No dog aggression - both of my dogs are intact (male and female), they've been introduced with no problems. He's also met one of the cats and pretty much had no reaction (the cat walked right between his legs and he seemed more surprised than anything). He's light golden buff with a little bit of white on his nose, extremely dirty with mats on his tail the size of my hand. He'll be getting a bath tomorrow and I'm sure will clean up nicely!


----------



## Karen519 (Aug 21, 2006)

*Jana*

:You_Rock_:You_Rock_:You_Rock_:You_Rock_Jana:

Words cannot express my gratitude and admiration for you for being Joey's Foster Mom!

We will all continue to try to find a rescue for Joey!

I am sure he feels wonderful being out of there!!


----------



## Penny & Maggie's Mom (Oct 4, 2007)

YEA!!!! You are such an angel to have saved him. What a testament to such a love that he comes right in your house, blind, and fits right in. Give him an ear scratch and kiss from us.


----------



## Karen519 (Aug 21, 2006)

*Jana*

Jana:

Please email me at:
[email protected]

I heard from a GR Rescue.


----------



## Jackson'sMom (Oct 13, 2007)

Thank you for rescuing Joey!!


----------



## Debles (Sep 6, 2007)

Thank you, Thank you!!! You are wonderful for doing this!!!
he sounds like such a sweetie!
I had thought he was much older being blind. Poor baby ... to be so young. Sounds like he has adapted well but a very hard life since he is so underweight. Hope he gets healthy fast and gets a great forever home.
Bless you!


----------



## BeauShel (May 20, 2007)

He sounds like a wonderful pup and I pray that the right family comes along and adopts him soon. Bless you for saving him and spoiling him until the rescue can pick him up.


----------



## 3 goldens (Sep 30, 2005)

Thqank you so much. Di yueve hea ofFai Elen? she was a collie, born blind. Her owner, who raised and showe collies--I gues it was back in the 30's--was going to put her to lseep when they ealizedshwas bloind. But his wife adn the vet said she wouln't not know she wa any different from other dogs. Theykept her and even riased puppies from her. You can google Fair Ellen if you want to readmore abouther. I first read abut her in high school back in early '60;s.


----------



## Ardeagold (Feb 26, 2007)

It's great to hear that you're helping this "boy" out! He'll do JUST fine. It's amazing how well blind dogs do. Their other senses are MUCH more attuned, and especially the sense of smell. Beware of any food left out........LOL. They smell it from rooms away and are pretty good at honing in when your back is turned.
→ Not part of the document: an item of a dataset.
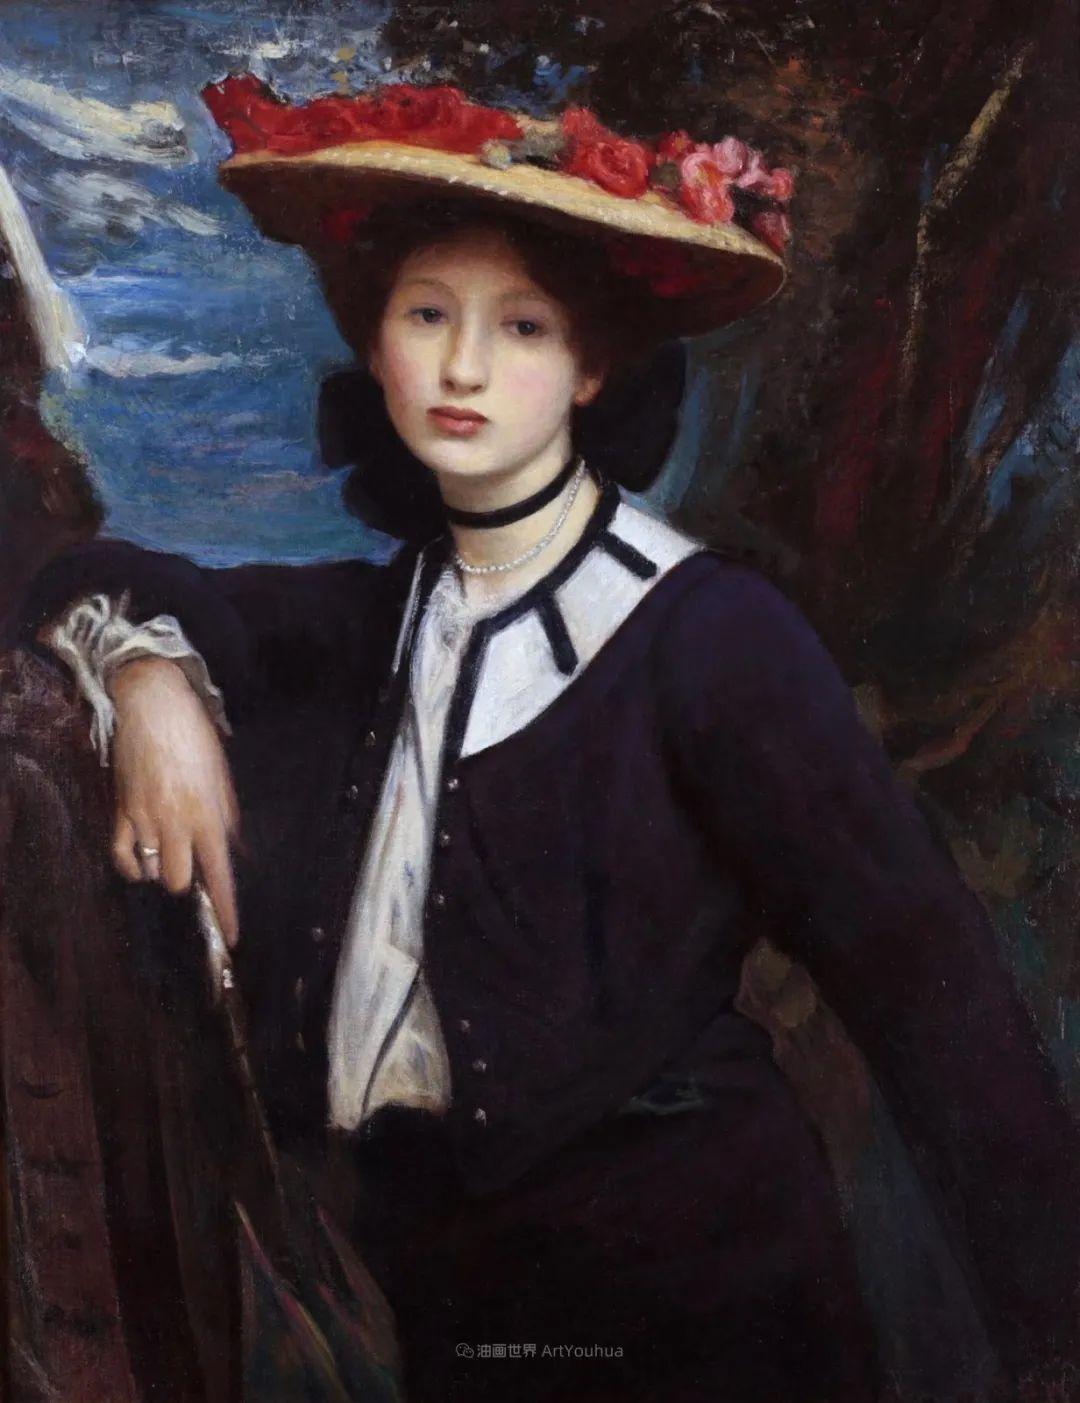 英国浪漫主义晚期肖像画家,皇家美术学院院士乔治·沃森插图19

Our Ray is blind...since birth. He knows where everything is....has no trouble navigating around the acreage. Occasionally, he'll bump into something, but never does it again. I can even move furniture, and he maneuvers right around it.

He IS uncomfortable when we take him out in the busy world tho. He gets skiddish. Too much information that he can't process as quickly.

So, he isn't out and about being socialized much. It stresses him out. He's a homebody...and very happy! 

Hugs to you for doing this!


----------



## Karen519 (Aug 21, 2006)

*Jana and Joey*

Jana:

Here is the Ohio GR Rescue that contacted me:

From: Jan Boerst [mailto:[email protected]]
Sent: Fri 5/23/2008 10:57 AM
To: VanSwearingen, Karen
Subject: RE: Blind Golden


GRRR is located near Toledo, OH. If this is the blind dog in Youngstown, OH we had our name on her, but she was adopted locally by a lady that takes in blind dogs per the dog warden.
Jan

Rescue..this is not a path I chose, it was chosen for me.


----------